1 Introduction

Wireless mesh networks (WMNs) has emerged as a key technology for next-generation wireless networks due to its self-organizing, self-configuring and minimal upfront investment in deployment. WMNs have divided into three tiers, the top-tier consists of gateway routers, the middle-tier is also known as the backbone of WMNs consists of mesh routers (MRs), and the bottom-tier consists of mesh clients (MCs). Gateway routers are connected to the Internet through wired networks, the mesh routers (MRs) also act as access points (APs) in the backbone are connected to the gateway routers using multi-hop communication [1, 2]. Therefore, when a mesh client wants to get access to the Internet, it sends its request to MRs and then the MRs forwards the request towards the gateway router in a multi-hop fashion [3]. However, due to the distributed nature of WMNs certain attacks can be launched easily in WMNs, one of which is known as wormhole attack [4]. The wormhole attack can be launched in various modes which include using high power transmission, tunneling using encapsulation and out-of-band channels [5]. All the three modes of attacks allow the transmitted packets to reach faster with a minimum number of hops towards the destination compared to normal multihop routes. These attacks formed a fake illusion that the two end point of the tunnel is very close to each other, hence the normal nodes are attracted towards this tunnel and forward the packets with minimum hops. The packets through the tunnel then can be selectively dropped or controlled by the malicious nodes. The wormhole attack violates the legal operation of AODV routing protocols and prevents the two nodes from discovering legitimate routes and thus disrupt network functionality.

Figure 1 shows the wormhole tunnel formed by malicious nodes E and H. Assume that mesh nodes S and D are far apart against each other. In the above figure, it can be seen that there are two possible routes from S to D. One is (S–A–B–C–D) normal route with a hop count of 4 and second route is via a tunnel (S–E–H–D).

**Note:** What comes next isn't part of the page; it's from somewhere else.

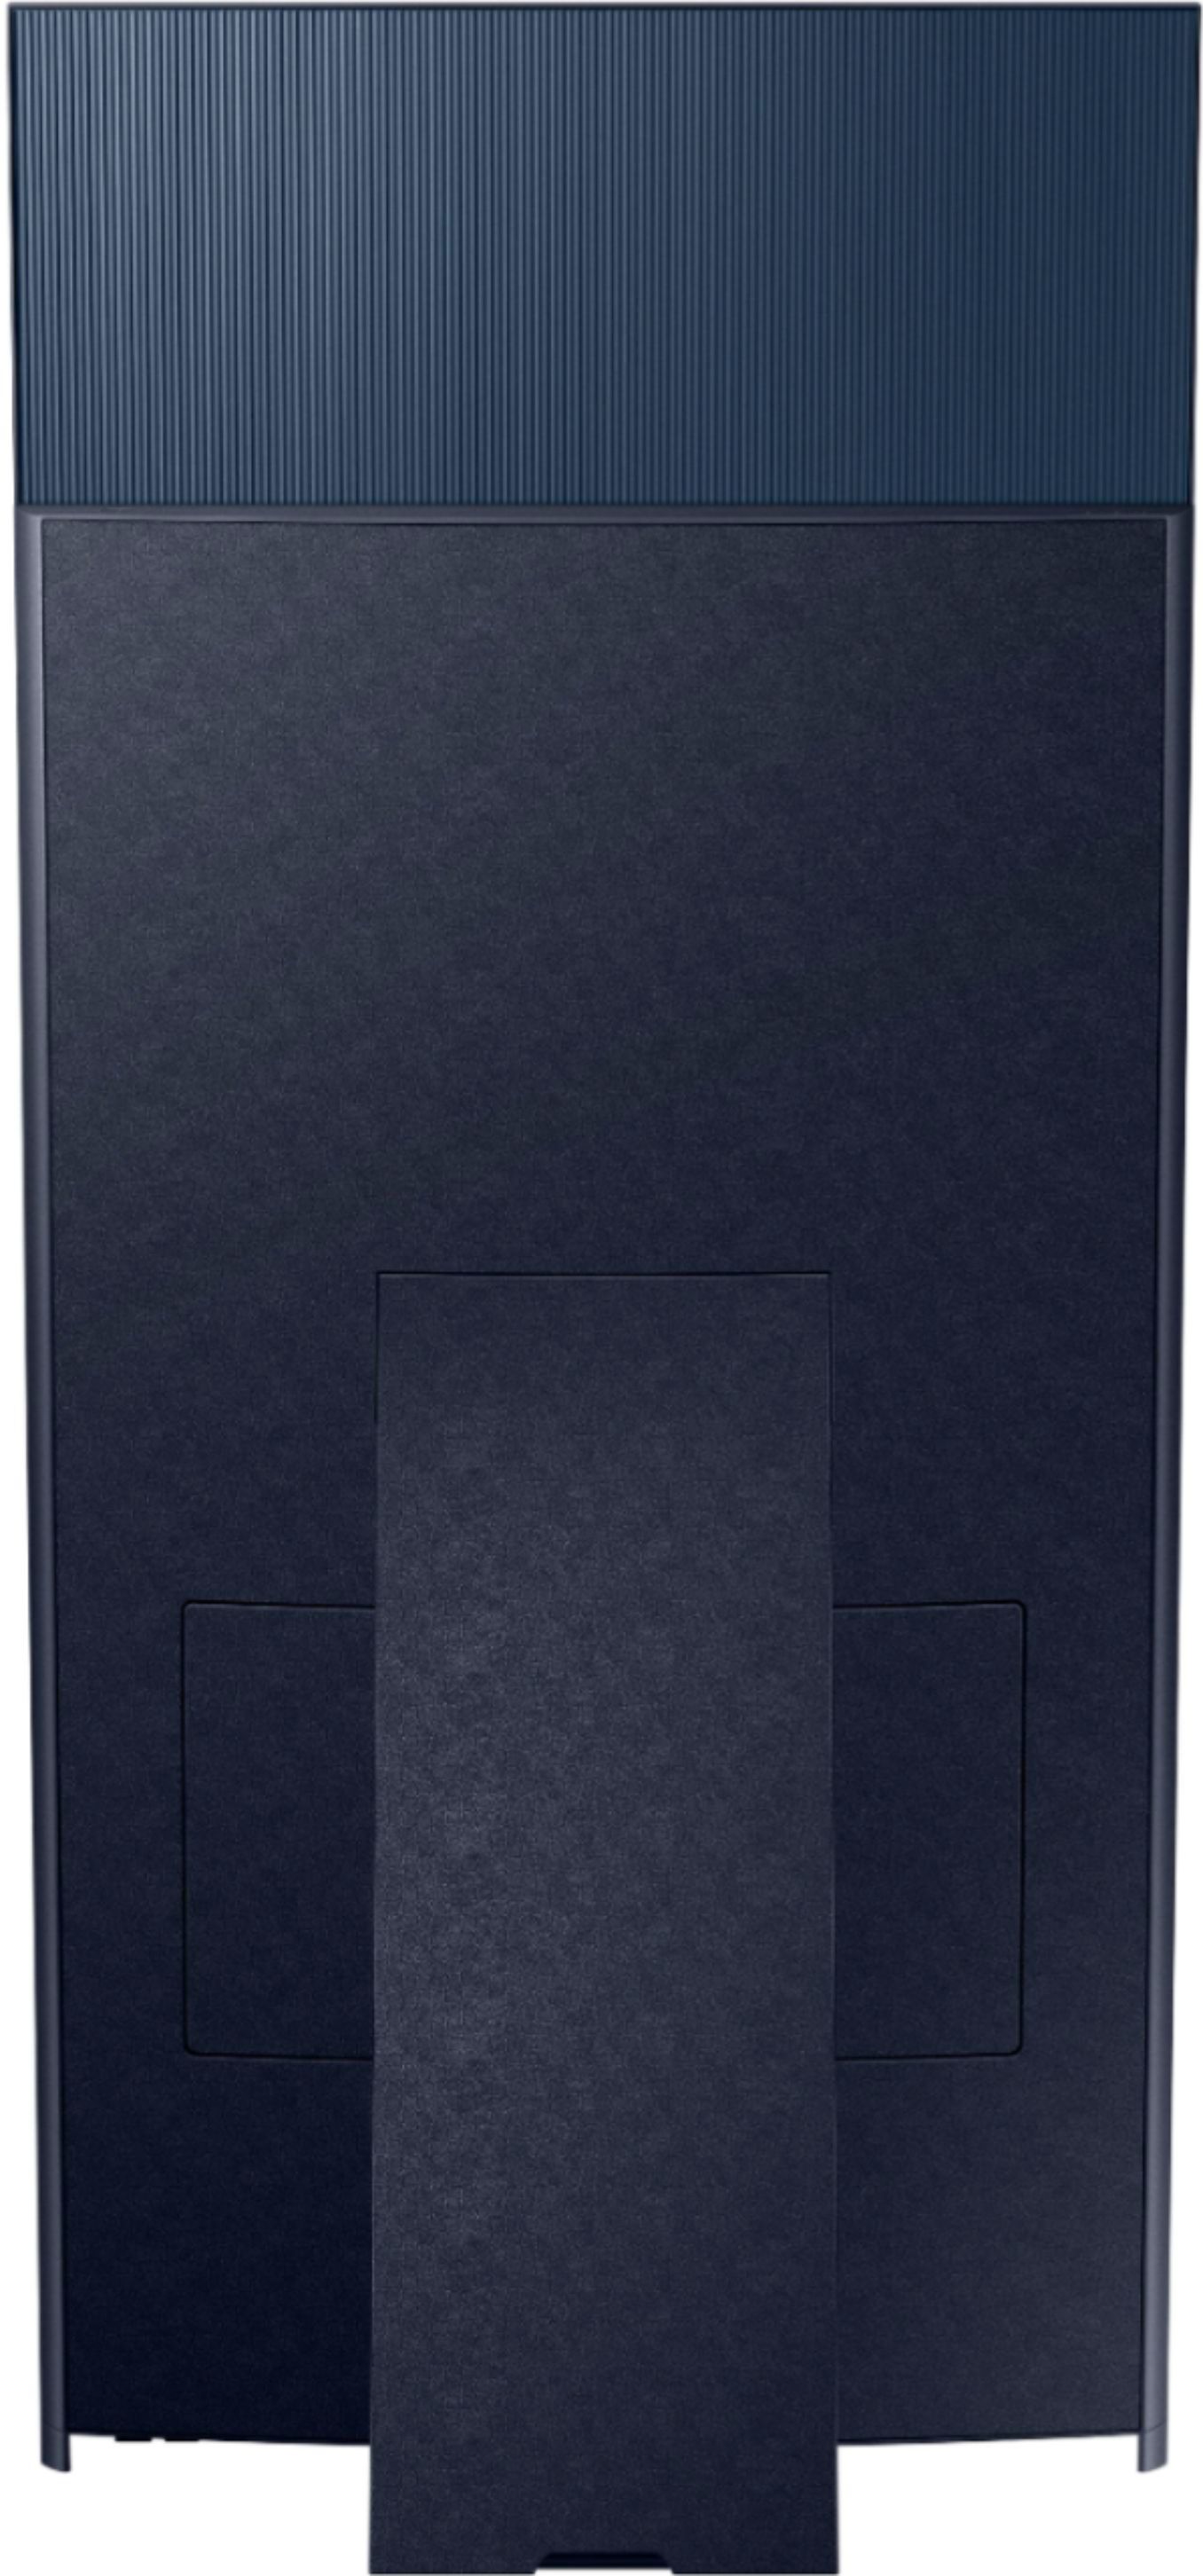 Back View: LG - 65" Class NanoCell 81 Series LED 4K UHD Smart webOS TV

By transmitting packets from malicious nodes E to node H through the tunnel, it convinces the sender node S to believe that the receiver node D is nearer to S with a hop count of 3. The malicious nodes E and H replay packets to each other via wormhole tunnel and make a false illusion of shortest path towards the destination node D; therefore selectively drop out the data packets or control the packets in order to disrupt the communications between mesh nodes S and D. Security is, therefore an issue of prime importance in WMNs. A secure routing protocol for forwarding data packets between mesh nodes is required for WMNs. Therefore, to enforce secure cooperation and coordination among mesh nodes, various collaboration schemes had proposed in the literature [6] to detect the malicious nodes in the networks. Several mechanisms had proposed that are based on a hardware device and frameworks to trust and believe the nodes in the networks and attempt to identify malicious nodes by suitable decision making systems and then isolate or punish them [7].

Fig. 1
figure 1

Wormhole tunnel formed between S and D

In this paper, we propose a wormhole detection algorithm that is based on the calculation of round trip time (RTT) and processing time. We calculate the delay probability of sending and receiving packets between intermediate nodes (i.e., per hop) for each complete route between source to destination. Our proposed algorithm is mainly designed for the detection of malicious nodes to prevent AODV routing protocol against wormhole attack in WMNs.

1.1 AODV routing protocol

Assume that a route has to construct from source S to destination D. At the initial state node S broadcast the route request packet (RREQ) over the network as shown in Fig. 2. Similarly, the intermediate nodes will broadcast the RREQ until it reaches the destination node D. A destination node D after receiving the RREQ, reply back with a route reply message (RREP) in a unicast fashion in reverse order. During the transmission of both RREQ and RREP, the routing table at each node is updated with the information of route setup. If the distance between source and destination is via relay nodes then the RREQ is forwarded among relay nodes with the increment of hop count in RREQ packet. Likewise, after RREQ arrives to the destination D, the destination node prepares a RREP packet and forwards it in a reverse order via relay nodes towards the source S as shown in Fig. 3. Finally, the route with minimum hop is chosen from source to destination.

Fig. 2
figure 2

AODV RREQ packet

Fig. 3
figure 3

AODV RREP packet

2 Related works

This section highlights the previous works implemented to prevent the wormhole attacks in various wireless networks. Some of the existing work depends on special kind of hardware and some depend totally on efficient software design to resist the wormhole attacks. In this section, we have highlighted some existing works that are relevant to our proposed work.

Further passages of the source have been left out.